Hay en las situaciones violentas y en las
horas de extremada ansiedad un instante en
que los nervios se aflojan y el cuerpo se rinde
a la necesidad de descanso. La inquietud, la
calentura del viejo monarca se aplacaron desde
que se dejó caer sobre aquel reborde de
piedra en el solitario fortificado recinto. Por
las saeteras vio la luz roja del poniente, que
abrasaba el campo con reflejos de hoguera
enorme. Aquella claridad purpúrea, sangrienta,
devoradora, fue lo último que advirtió David
antes de cerrar los párpados y reclinar la
cabeza en el muro, olvidando lo presente, las
angustias de la incertidumbre y los terrores
del espíritu…
Y después siguió viendo la misma claridad
del ocaso; pero sus tonos se habían dulcificado,
fundiéndose en suaves medias tintas naranja,
oro y verde.
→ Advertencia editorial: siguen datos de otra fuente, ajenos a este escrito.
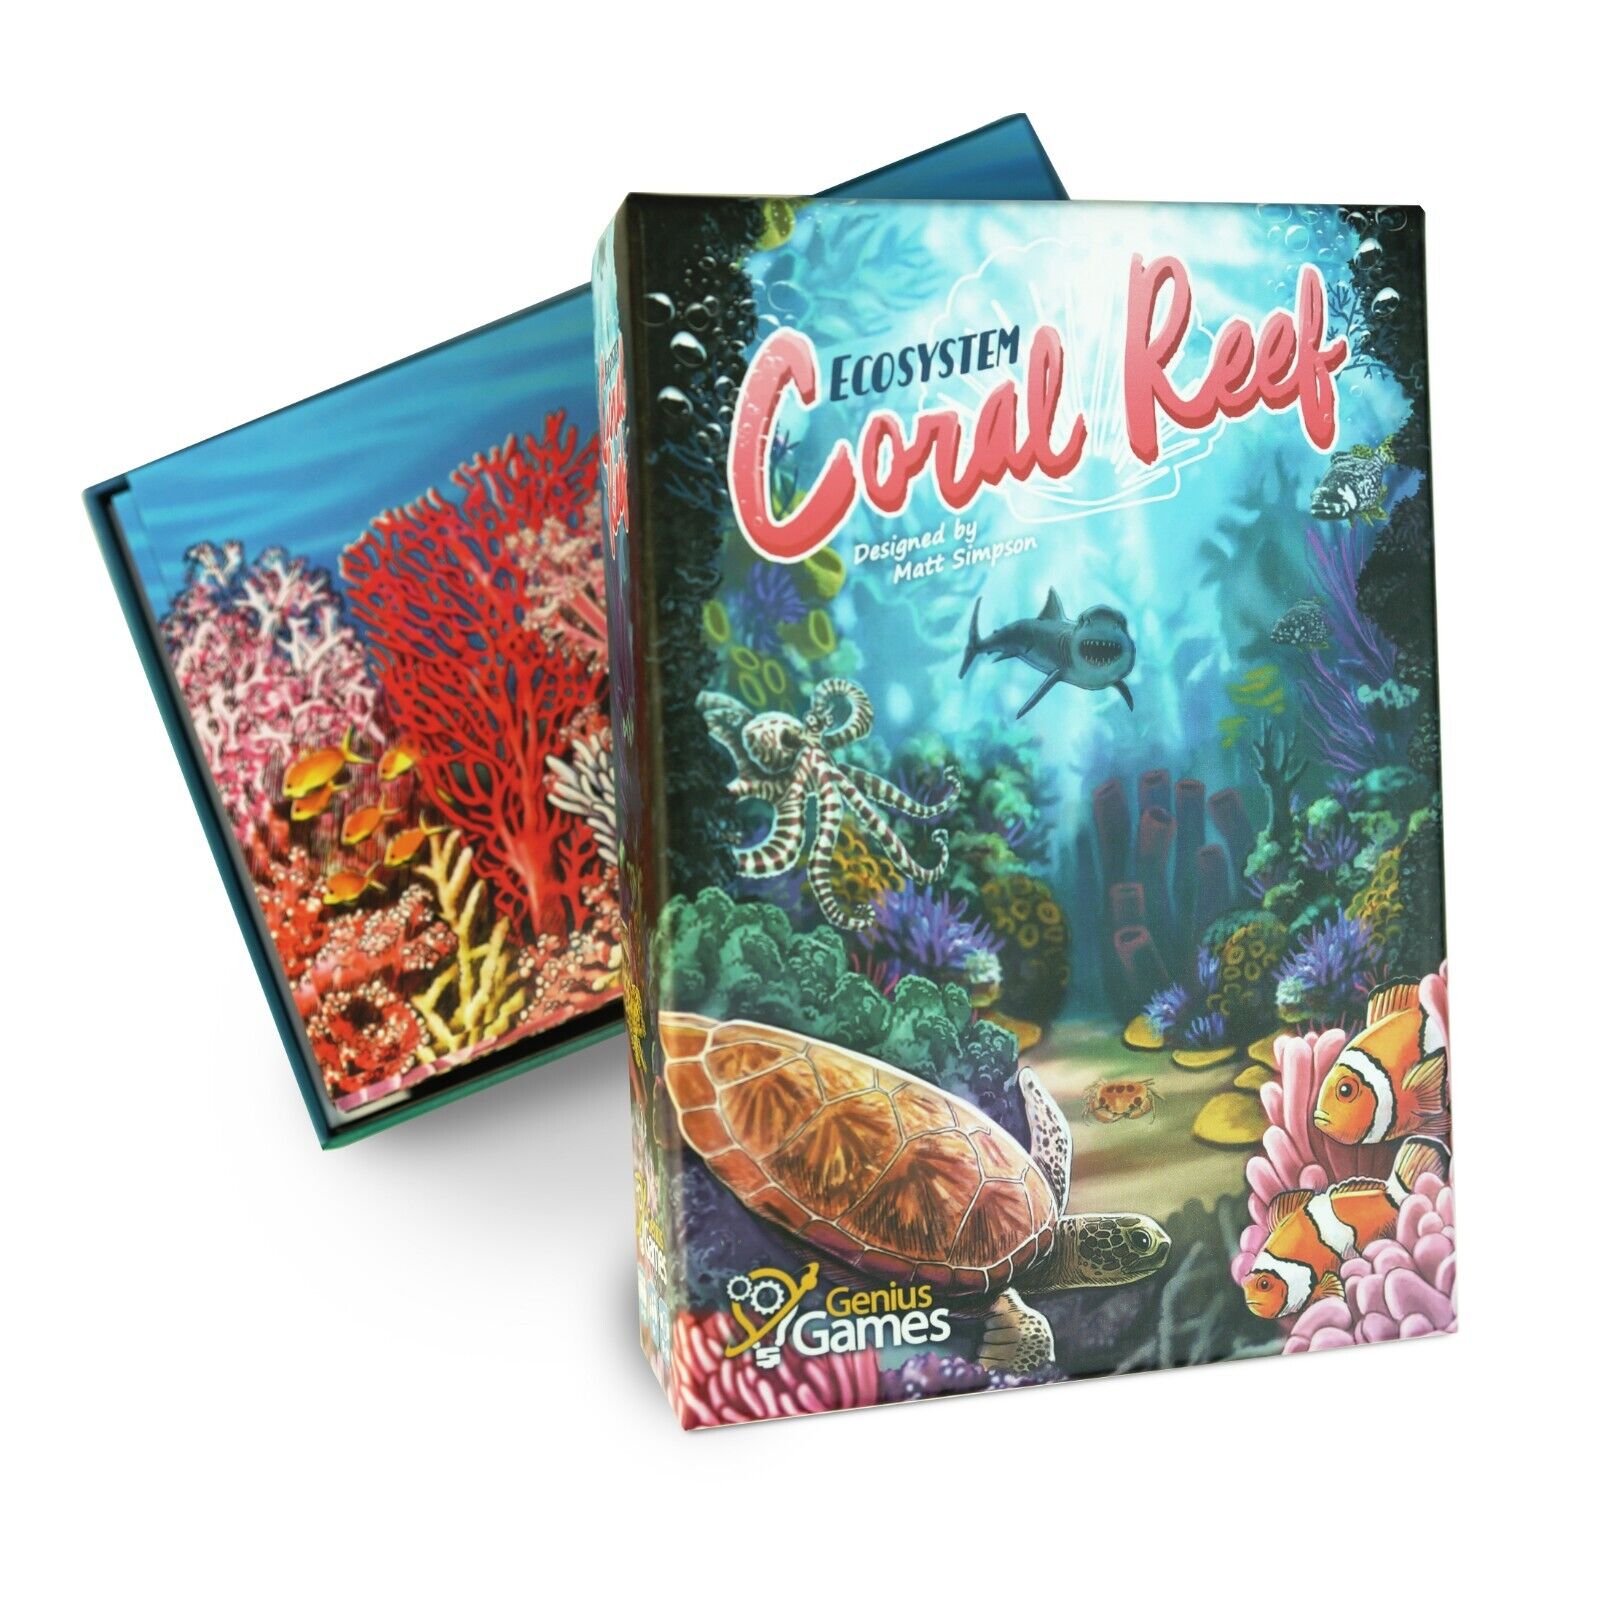 Ecosystem Coral Reef An Ecology Card Drafting Game of Marine Animal Competition

Era el divino atardecer de
los países orientales, cien veces más hermoso
que la aurora. Irisaciones de perla abrillantaban
las imperceptibles nubecillas, desgarradas
como jirones del velo de una danzarina filistea;
y sobre el arrebolado horizonte, las ramas
de los sicomoros y de los cedros formaban
un pabellón de misterio y sombra sugestiva.
La frescura del aire atenuaba las emanaciones
fuertes de las resinas y las gomas; una
languidez voluptuosa se apoderaba del corazón.
David se levantaba, se apoyaba en el
balaustre de jaspe de la terraza, se inclinaba
para hundir la mirada en los macizos de verdura,
atraído por el rumor delicioso de los
chorros de agua que se deshilan en el ancho
pilón de mármol, surtiendo por diez bocas de
bronce. Y al punto mismo en que el rey se
inclina, sobre las gradas que conducen a la
pila aparece una viviente estatua, rosada por
el reflejo del cielo, vestida únicamente de la
negra cabellera caudalosa, que se reparte
como los hilos del agua, y ondea y brilla y
juega, y se esparce, recién ungida de aceite
de nardo que la mujer, alzando los brazos,
extiende por los rizos sombríos, enredándolos
entre los dedos…
Todo el incendio del firmamento ardió en
las venas de David. Él mismo, desde aquella
hora, se maravilló dentro de sí, no comprendiendo.
Estaba bien seguro de que su fiel copero
no le había vertido en el vino zumo de
hierbas, en las cuales el conjuro de alguna
nigromántica como la de Endor insinúa traidoramente
el filtro de la pasión repentina y mortal.
Pasados eran para David los días de la
juventud, cuando su mano certera clavaba el
guijarro afilado en la frente del descomunal
gigante. Innumerables mujeres habían impregnado
el olfato del rey con el perfume de
sus cabelleras, y al disiparse éste se borraba
la imagen, porque es indigno del sabio, del
profeta, del caudillo, del legislador, reblandecerse
en el harén, ser cautivo de una débil
hembra. Y sin embargo, en aquel instante, no
cabía duda, era el incendio del cielo el que
ardía en las venas de David, y el rey conocía
que ni toda el agua de la piscina, ni de los
torrentes que bajan impetuosos de Cedar y
Hebrón, sería bastante a extinguirlo. Betsabé
le había robado el seso, no con el crujir de sus
sandalias, porque descalzos tenía los finos
pies y hasta sin argolla de plata el sutil tobillo,
sino con el aroma peculiar de sus bucles negros
como la tentación.
Rápidamente sobrevenía la noche, y muchas
noches más, durante las cuales David se
abismaba en su pecado, esperando de un
modo confuso la hora del arrepentimiento.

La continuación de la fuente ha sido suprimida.